PROFESSIONS AND TRADES – HEALTH CARE PROFESSIONALS – NURSES – DISCIPLINARY PROCEEDINGS – Professional misconduct – convictions of fraud offences – mitigating circumstances - sanction
Health Ombudsman Act 2013 s 104, s 107
Health Ombudsman v Chaffey  QCAT 54
Medical Board of Australia v de Silva  QCAT 63
Medical Board of Australia v Martin  QCAT 376
Nursing and Midwifery Board of Australia v Hawthorne  VCAT 890
Nursing and Midwifery Board of Australia v Johnson  VCAT 205
Office of the Health Ombudsman
Hall Payne Lawyers
This matter was heard and determined on the papers pursuant to s 32 of the Queensland Civil and Administrative Tribunal Act 2009 (Qld)
REASONS FOR DECISION
- This is a reference by the applicant of disciplinary proceedings against the respondent under the Health Ombudsman Act 2013, s 103(1)(a) and s 104. In accordance with that Act, I am sitting with assessors Ms Barnett, Ms Dyer and Professor Lupton. The respondent is a registered health practitioner for the purposes of the Health Practitioner Regulation National Law (Qld), being a registered nurse. The applicant alleges that the respondent engaged in professional misconduct, in that he has been convicted of four counts of fraud.

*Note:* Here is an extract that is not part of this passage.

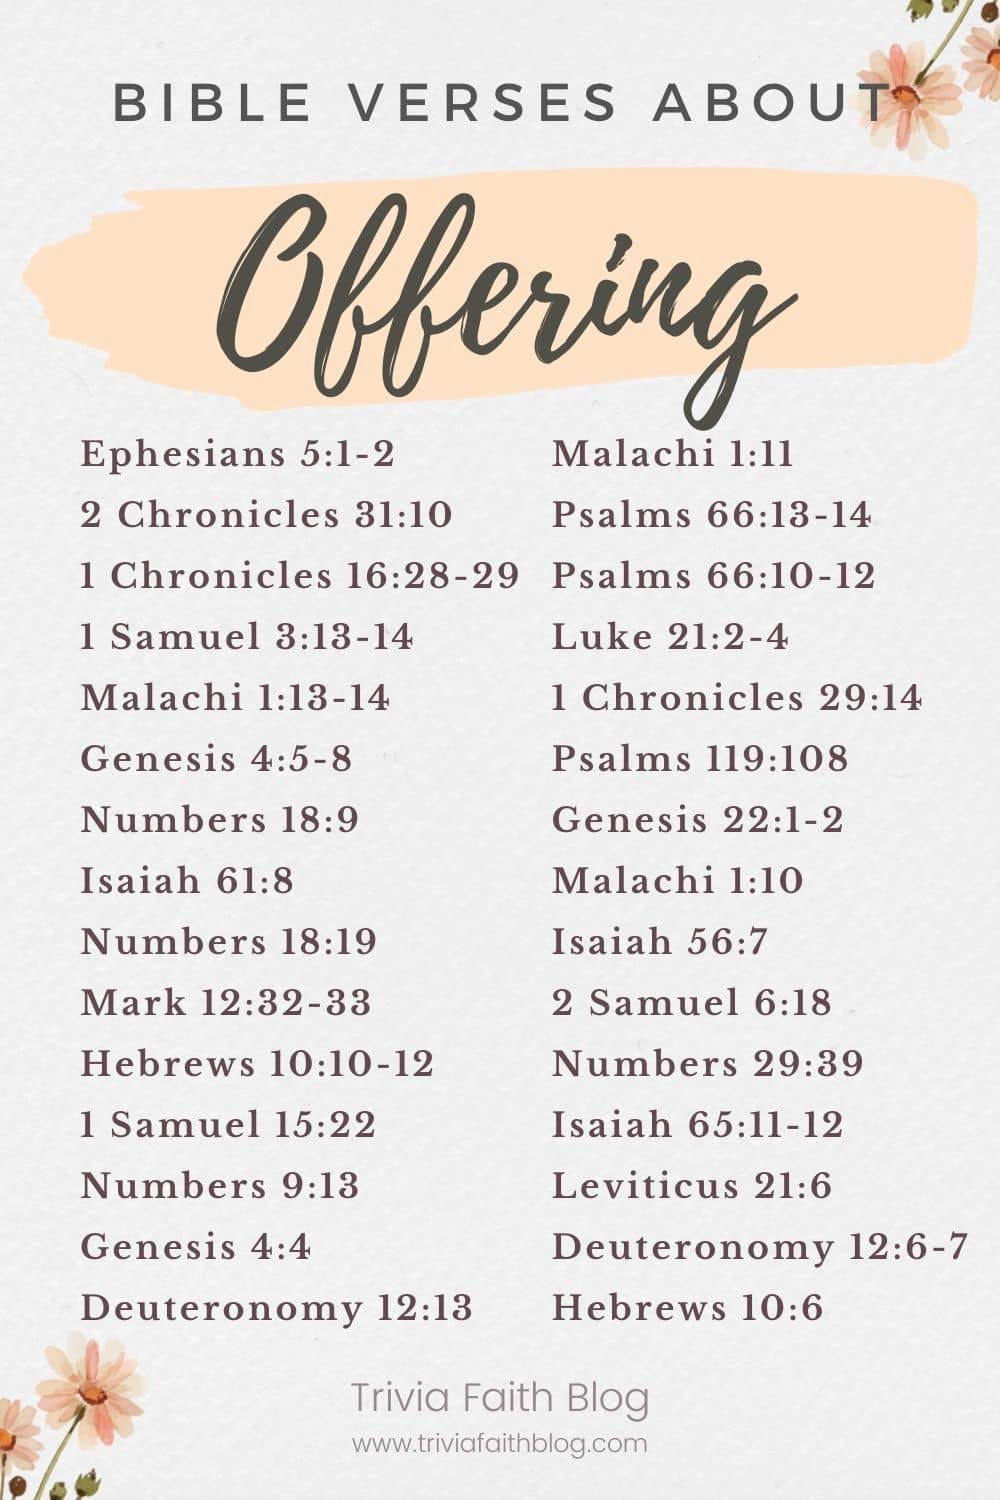 Bible verses about offering kjv

- The parties have provided the Tribunal with an agreed statement of facts. The respondent, who has been legally represented in these proceedings, admits the grounds alleged, and that the conduct in question amounts to professional misconduct. The parties have provided joint written submissions to the Tribunal, and the hearing proceeded on the papers, in accordance with the Queensland Civil and Administrative Tribunal Act 2009, s 32.
- The Tribunal accepts the facts set out in the agreed statement of facts. They, and some other information before the Tribunal, may be summarised as follows: The respondent was born in 1954 and is now 66. He was first registered as a registered nurse in 1978. At the relevant time, the respondent was working as a registered nurse at a regional hospital in Queensland. On 6 February 2017 the respondent pleaded guilty in the District Court to four charges of fraud. On 10 February 2017 he was sentenced to twelve months imprisonment, suspended forthwith for an operational period of two years.

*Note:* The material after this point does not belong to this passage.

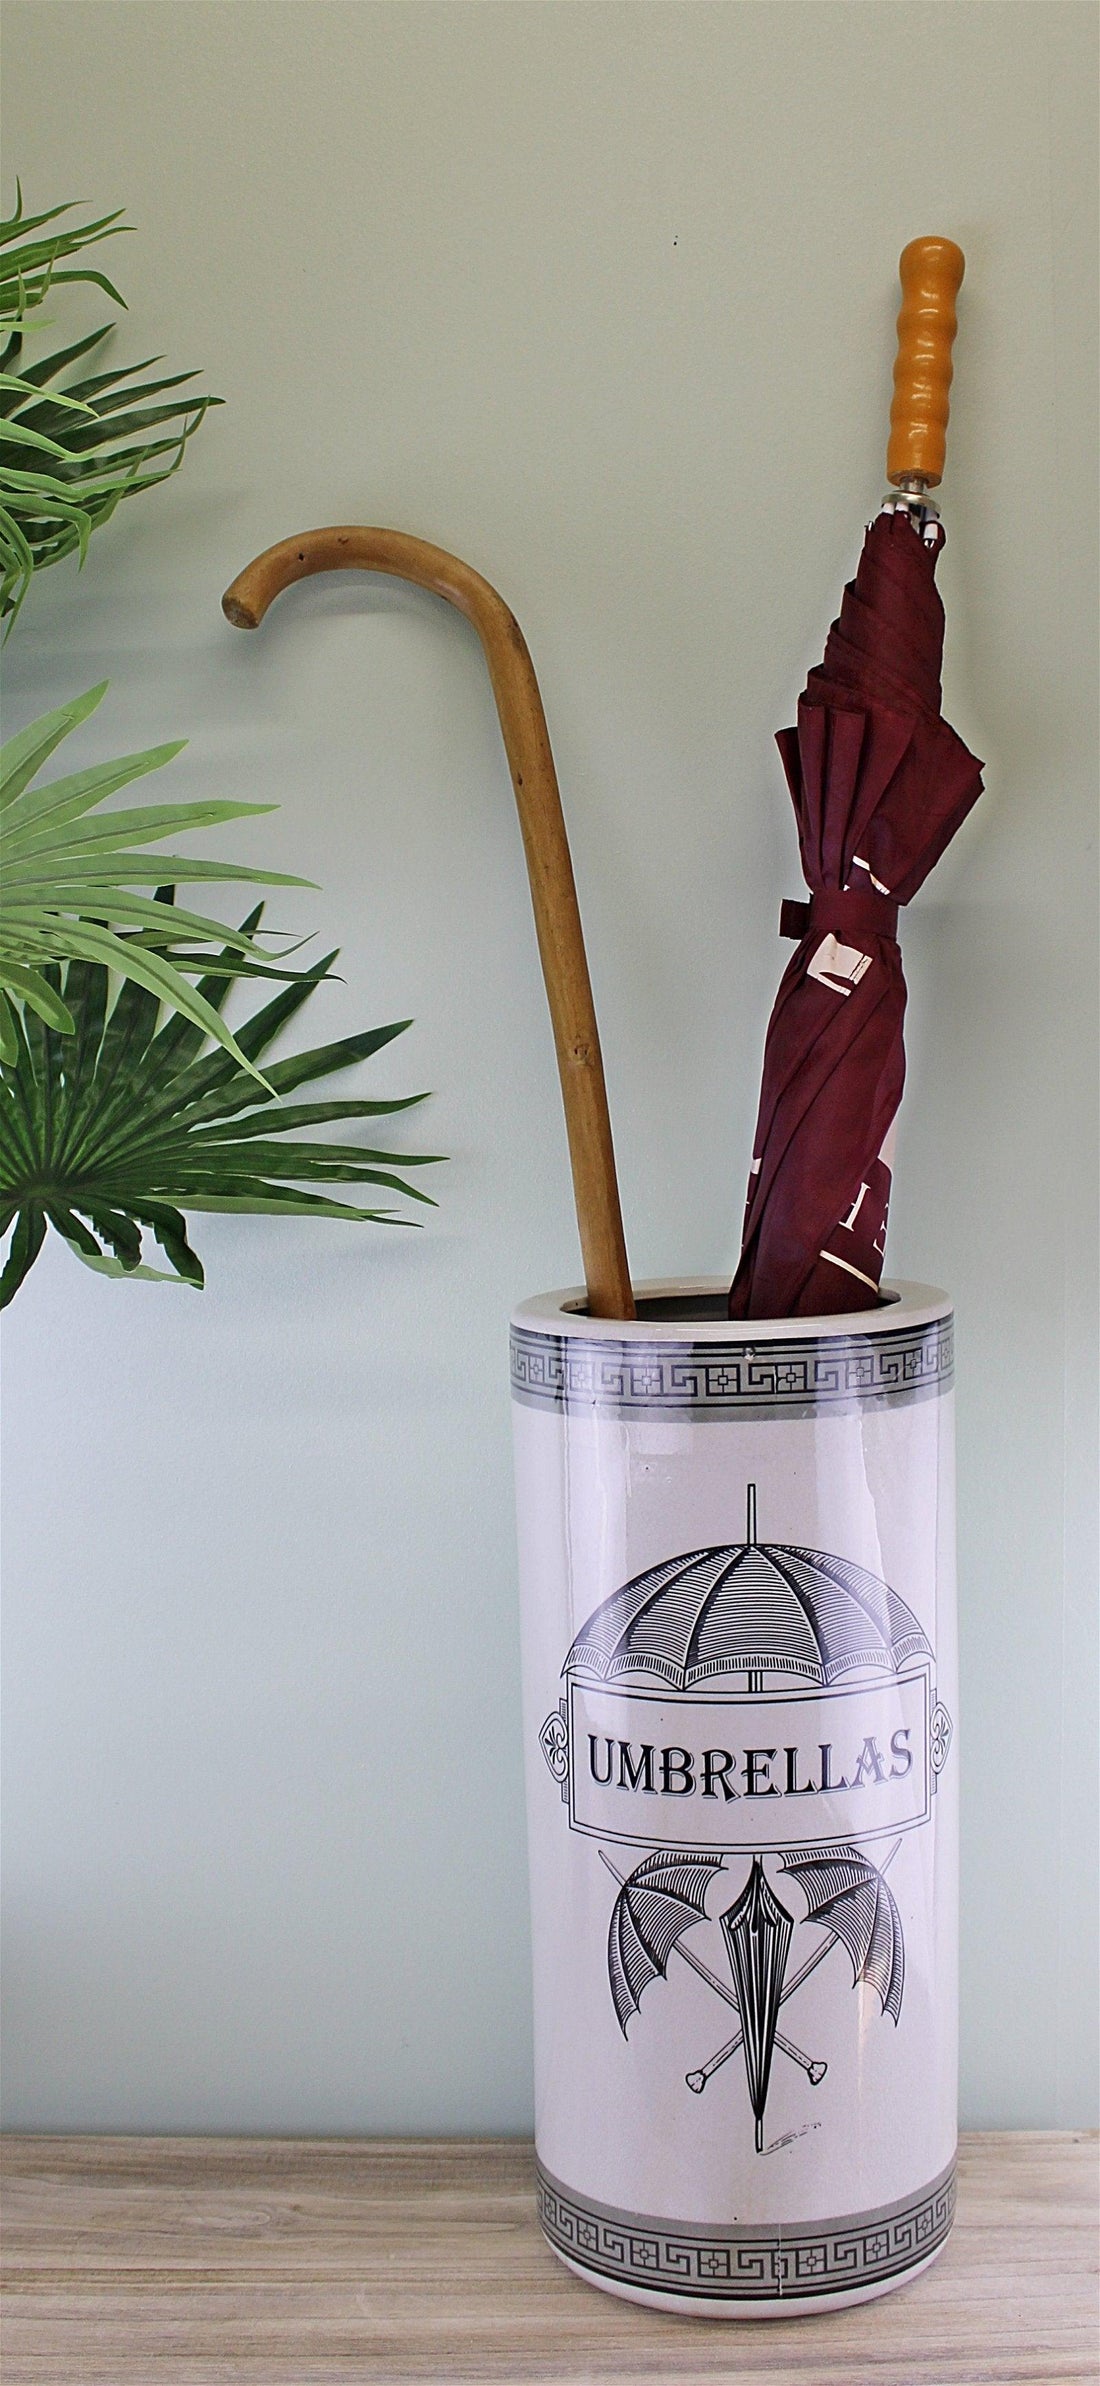 Ceramic Umbrella Stand, Monochrome Umbrella Print - £70.99 -

- The circumstances of the offending were that the respondent, a co-offender and two other men set up a self-managed superannuation fund for the purpose of purchasing and operating a business. All four were trustees of the fund, and operations on the fund’s bank account were to be conducted by all four together. In 2015 the business ran into difficulties, one of the trustees became bankrupt, and the property owned by the fund was sold, with the proceeds paid into the trust account. The co-offender then withdrew most of those funds, without the agreement of all trustees, by the use of a computer banking system which enabled him to operate on the account alone. This involved thirteen transactions, and the respondent was charged on the basis that he provided support and assistance in this process, in respect of four transactions. In the case of three transactions, money totalling $17,692.52 was transferred to his bank account; in the fourth, $8,000 was transferred away from the fund’s account with his assistance. It appears that he was misled by the co-offender about the legitimacy of these transactions.

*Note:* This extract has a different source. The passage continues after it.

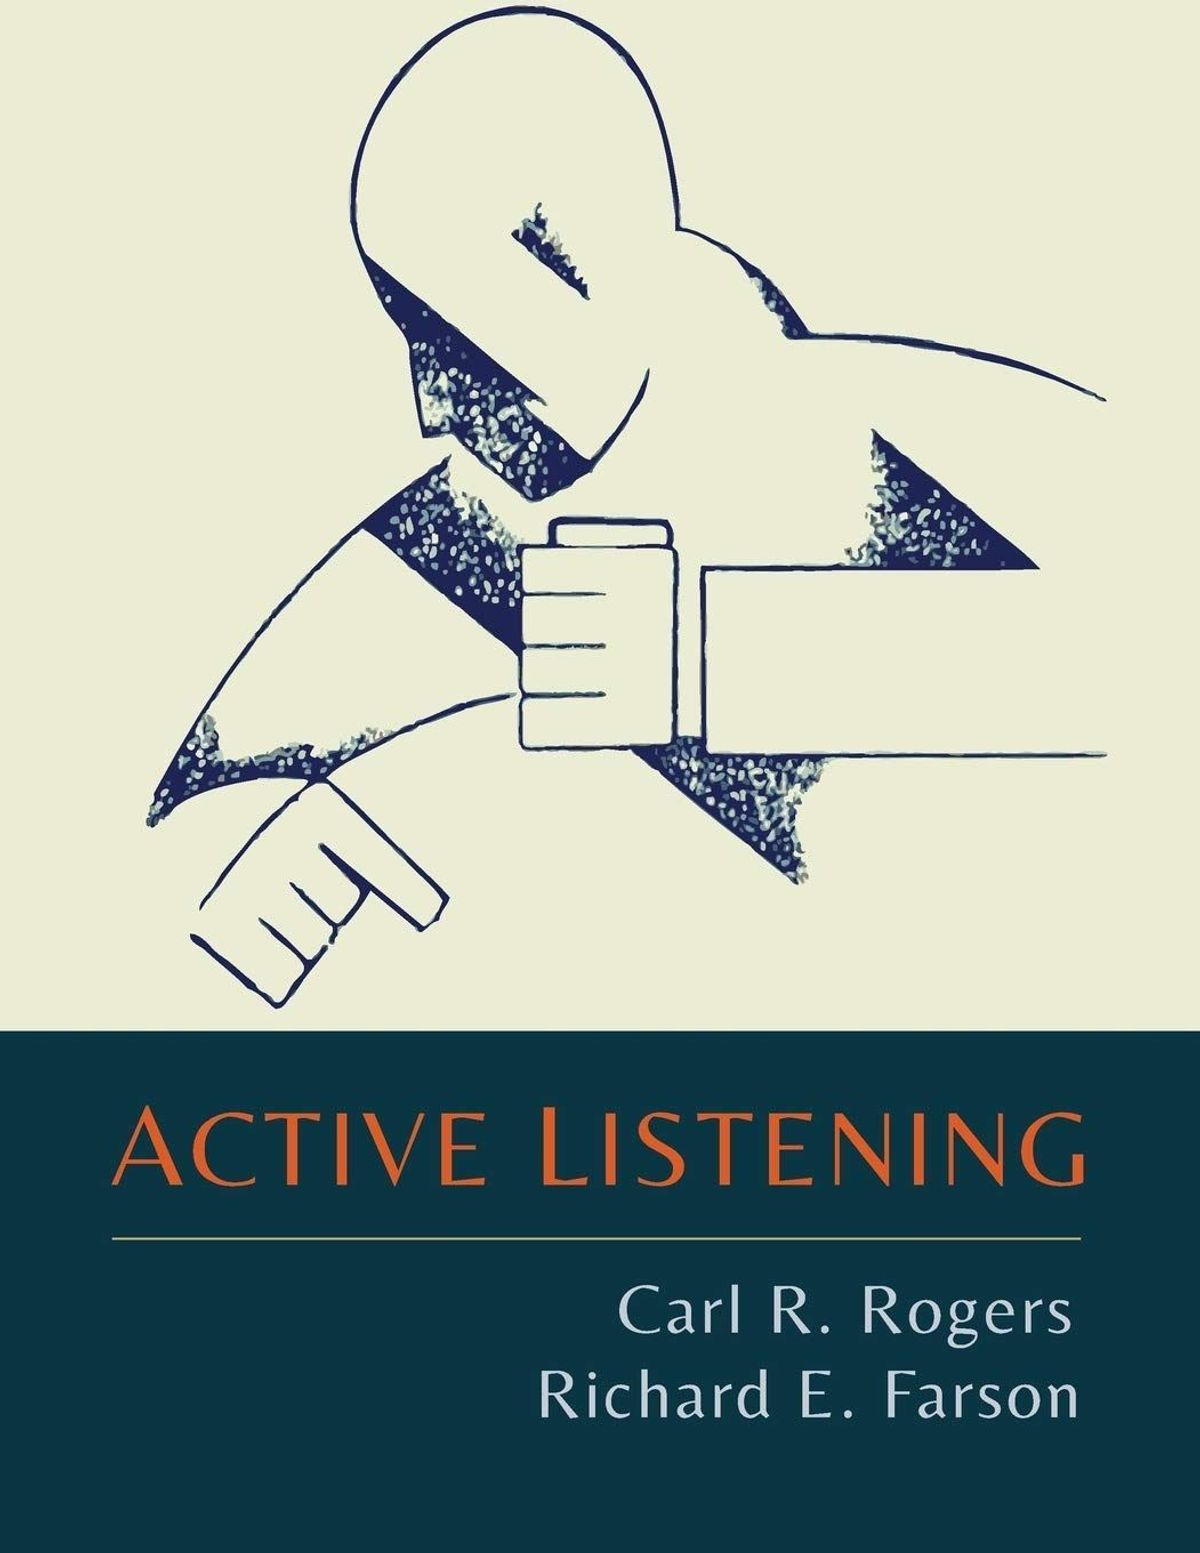 Book cover: Active Listening by Carl E. Rogers & Richard E. Farson

- The respondent when interviewed by the police cooperated and made admissions in respect of his involvement with the conduct leading to the charges. He was remorseful and provided the court with favourable references. The respondent advised the applicant and AHPRA of the charges brought against him, and following his conviction, his solicitors advised the Board of the conviction and sentence. From his affidavit it is clear that the respondent is embarrassed and ashamed about his behaviour, and is quite remorseful. There were no other notifications or finding about the respondent’s conduct prior to this, and there have been no such notifications since. He has no other criminal history. The respondent remained employed by and working at the hospital until June 2019, when he resigned to provide support for a family member; he has not worked as a nurse subsequently, and is approaching retirement age.
- The parties have in joint submissions agreed that the relevant conduct of the respondent amounted to professional misconduct. The effect of a joint submission was discussed by the then Deputy President, Horneman-Wren DCJ in Medical Board of Australia v Martin  QCAT 376 at  –  by reference to authorities, in terms with which I respectfully agree. I would merely add reference to the later decisions in Commonwealth of Australia v Director, Fair Work Building Industry Inspectorate  HCA 46, in particular at , and Medical Board of Australia v de Silva  QCAT 63 at  – . The characterization of the conduct and the determination of an appropriate sanction remain matters for the Tribunal to decide.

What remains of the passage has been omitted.